18. With respect to the interest bearing funds taken by the assessee, he pointed out that it has been submitted to the ld. CIT(A) that the entire interest expenditure was incurred in relation to overdraft facility obtained by the company and it was further explained that overdraft facility is to meet working capital requirement of the business and in no case it can be said that the funds were utilized for non-business purpose.
Our attention was also drawn to the submissions made by the assessee before the ld. CIT(A) that all the advances were given for purchase of land for the said business of the assessee, and therefore also there was no occasion to make any addition of interest expenditure on making such interest free advances.
The contention of the assessee as above before the ld. CIT(A) has been reproduced at page no.56 of the order and was pointed to us during the course of hearing.
The ld. DR was unable to controvert the contentions of the assessee on the above finding of the ld. CIT(A) as noted above by us. He merely relied on the order of the AO.
19. Having heard both the parties, we see no reason to interfere in the order of the ld. CIT(A) who has deleted the disallowance of interest under section 36(1)(iii) of the Act giving factual finding, which have remained uncontroverted by the Revenue before us as under:
i) Interest bearing funds were not found by the AO to be utilized for non-business purpose;
ii) Interest free advances given by the assessee were made in the course of business of the assessee.

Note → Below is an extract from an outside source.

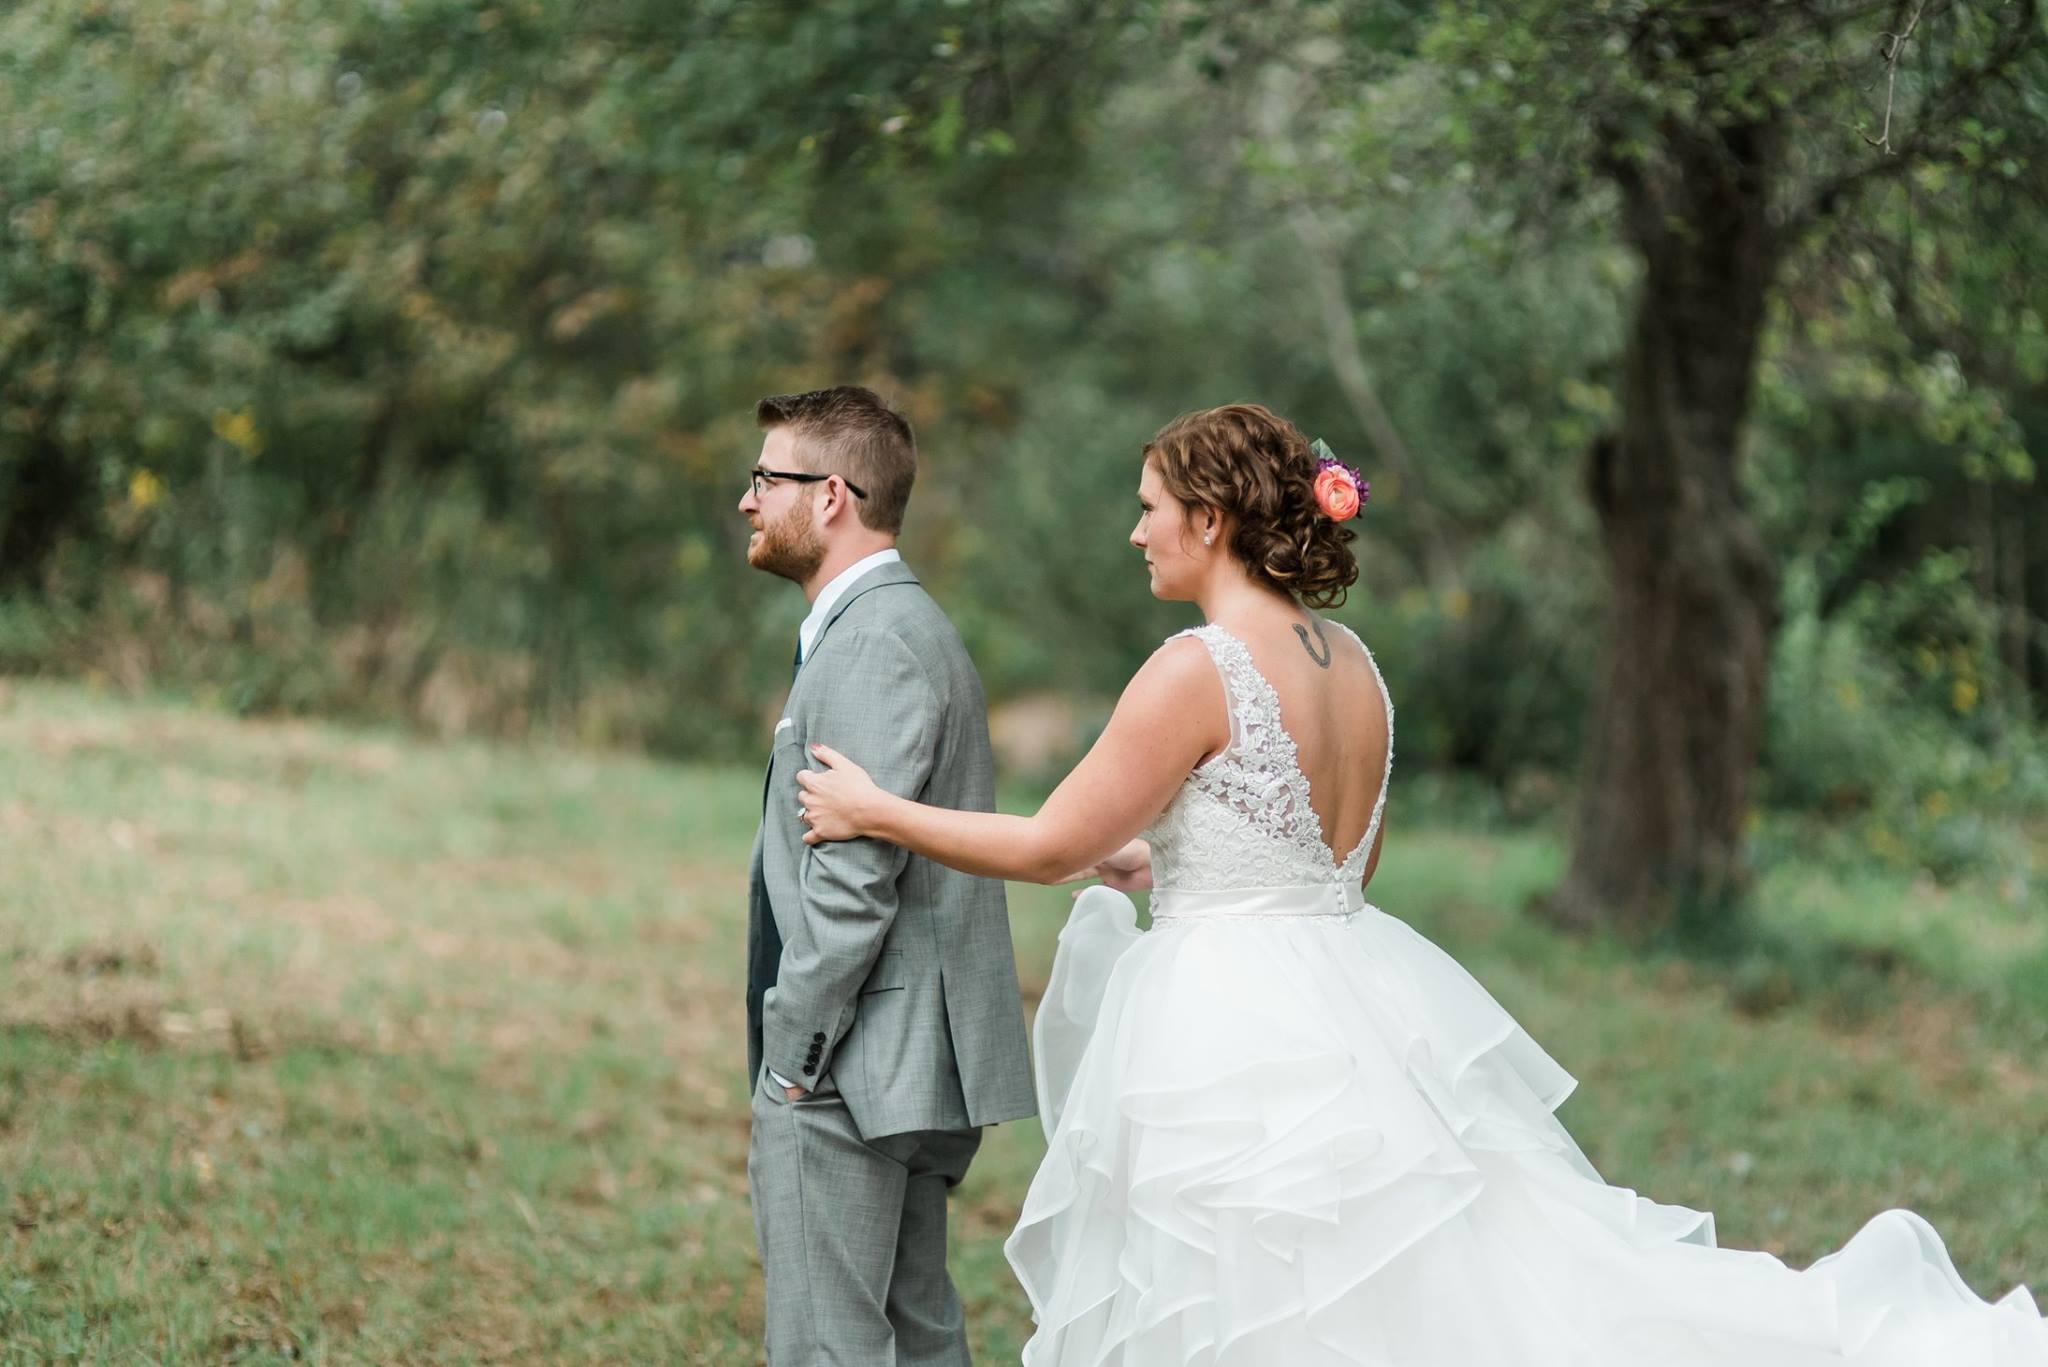 pennsylvania-backyard-wedding-love-diy-bohemian-romantic-colorful-0010.jpg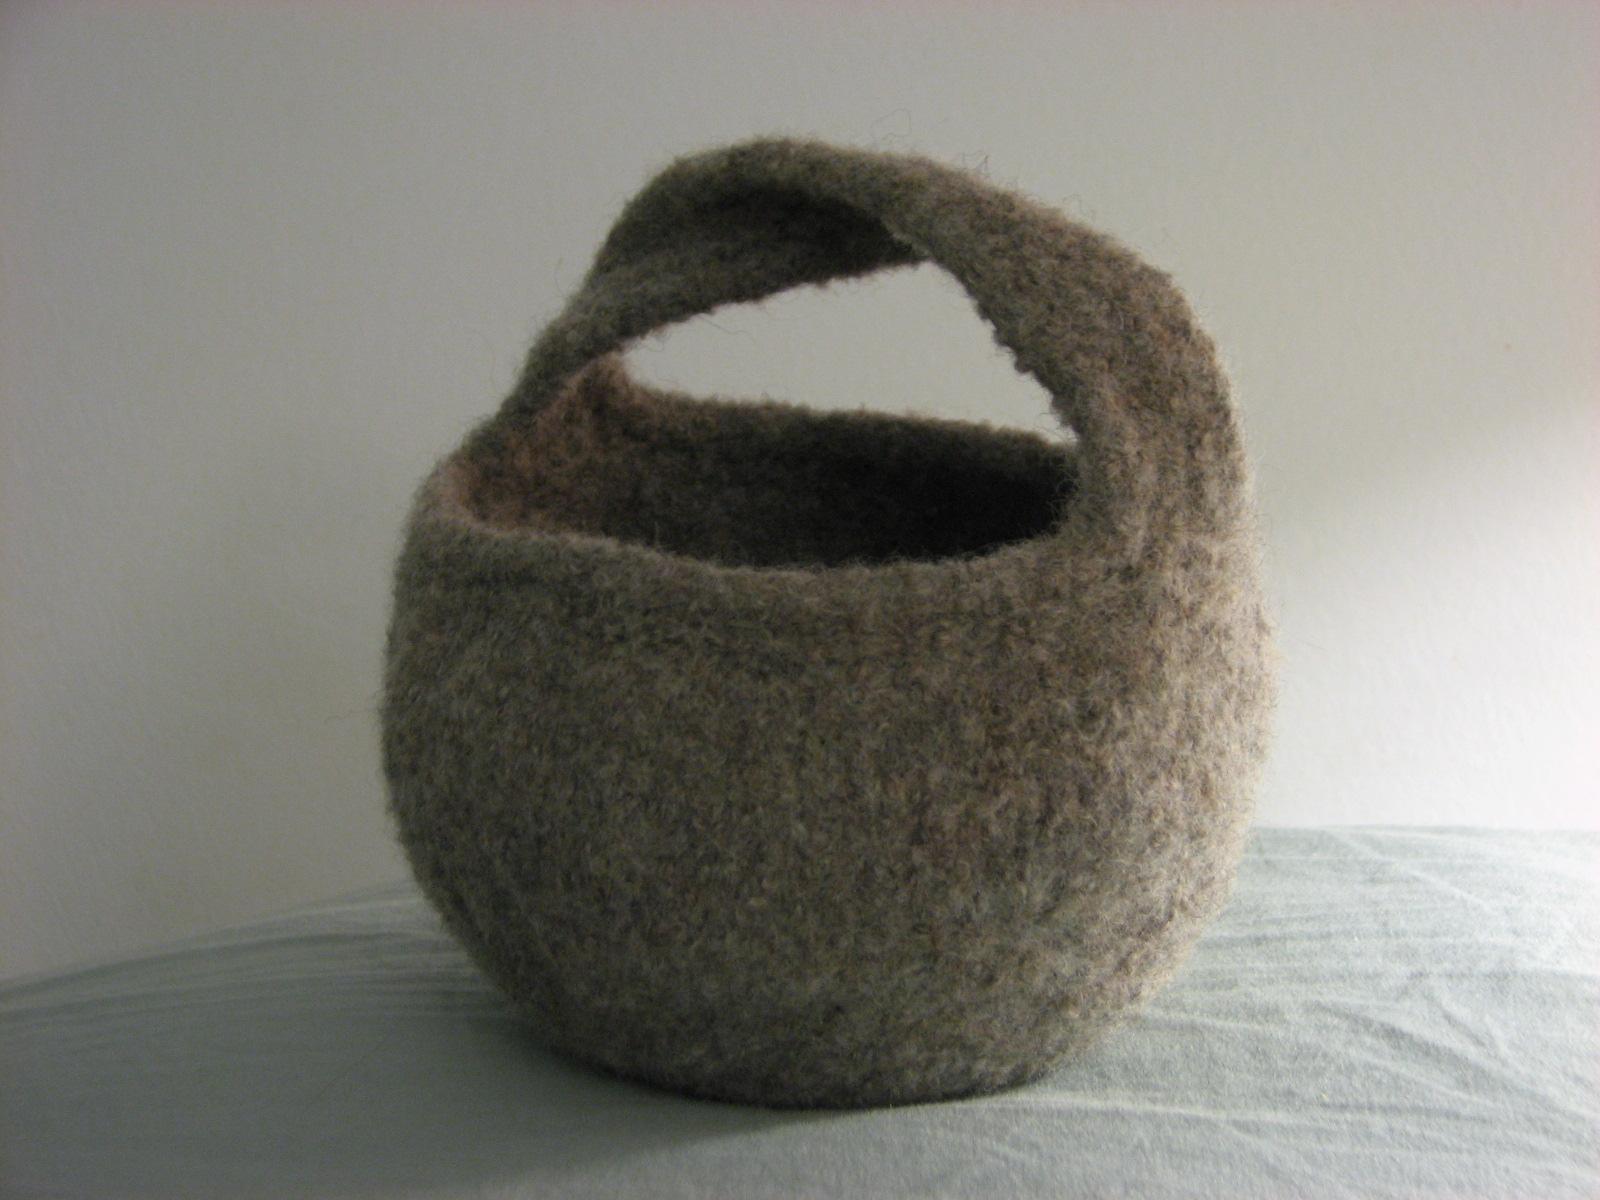 Adventures in the Boring: The Möbius Basket of Rage

In view of the above, order of the ld. CIT(A) deleting the addition of interest under section 36(1)(iii) of the Act is upheld. This ground of appeal of the Revenue raised as Ground No.2 in A.Y. 2010-11, 2011-12 & 2013-14 is dismissed.
20. In the result, all the appeals of the Revenue are dismissed, all the cross objections filed by the assessee are also dismissed.
Order pronounced in the Court on 21st July, 2023 at Ahmedabad.